Sue’s been doing all the work of nest building. So far we haven’t seen Chuck bringing her building materials, though robin males do sometimes helpfully lug in grasses or mud. Chuck seems as awkward and helpless about nest building as some human males are changing a baby. He spends a lot of time watching the procedure from our neighbor’s roof, and often bursts into song as she flies in with a beakful of grasses.
Robin nests are put together with a lot more love than skill. She plops some mud and grass in, works it a bit with her beak, and then sits in it and shapes it to her tummy. It’s not like the elaborate weaving that orioles do to construct their purse-shaped nests, so robin nests are heavier and depend for support on the branches around them, but they get the job done, and that’s all that really counts.

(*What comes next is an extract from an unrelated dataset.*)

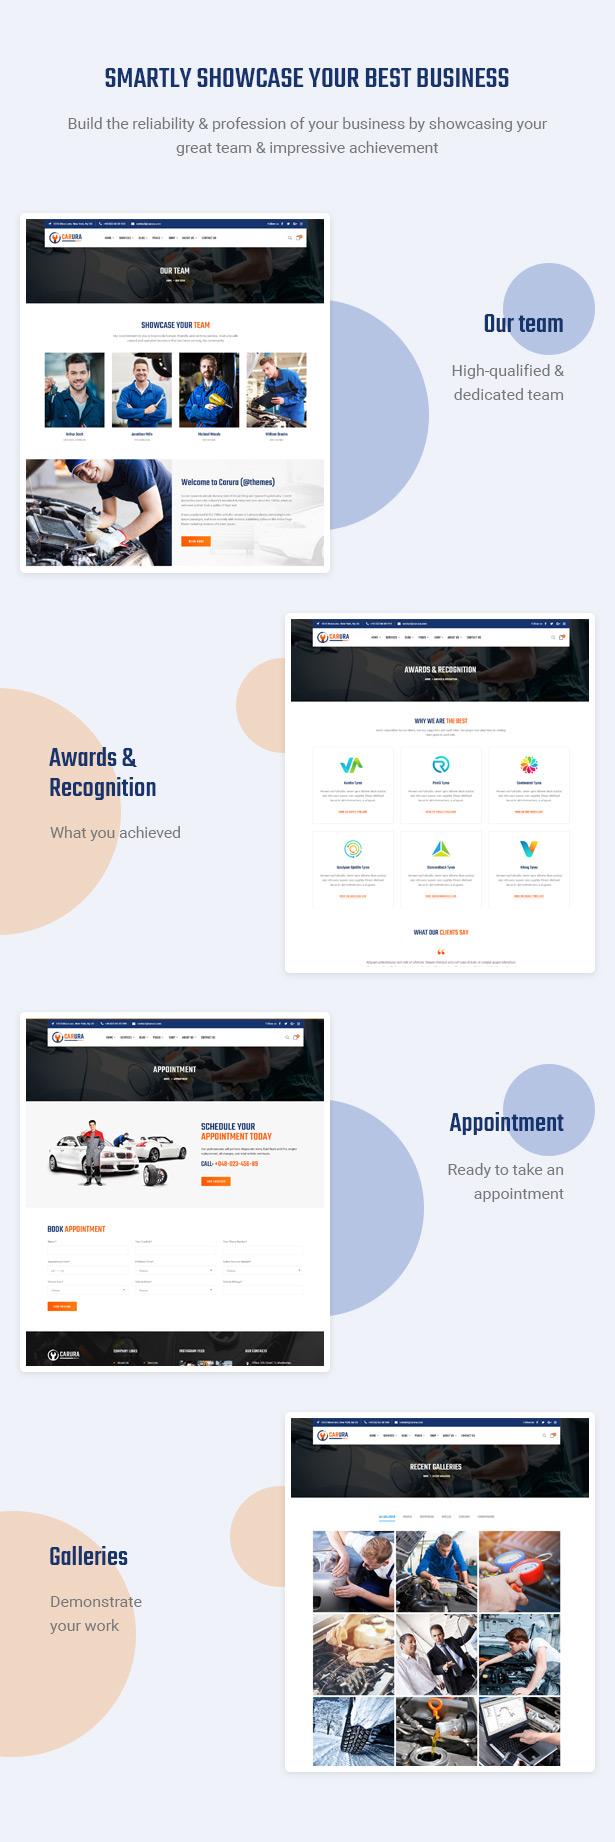 Build Up Business Reputation Effectively - Carsao - Car Service & Auto Mechanic WordPress Theme

A robin pair usually nests twice in a northland year. The first nest is invariably made in a conifer or on a ledge with an overhanging roof, because this time of year there are no protective leaves on deciduous trees. Hardwood trees often are chosen for the second nest, which will be built sometime in late June or early July. Unless a spring is unseasonably warm, robins seldom have a third nesting this far north, but in southern Minnesota and Wisconsin they sometimes can raise three broods in a season.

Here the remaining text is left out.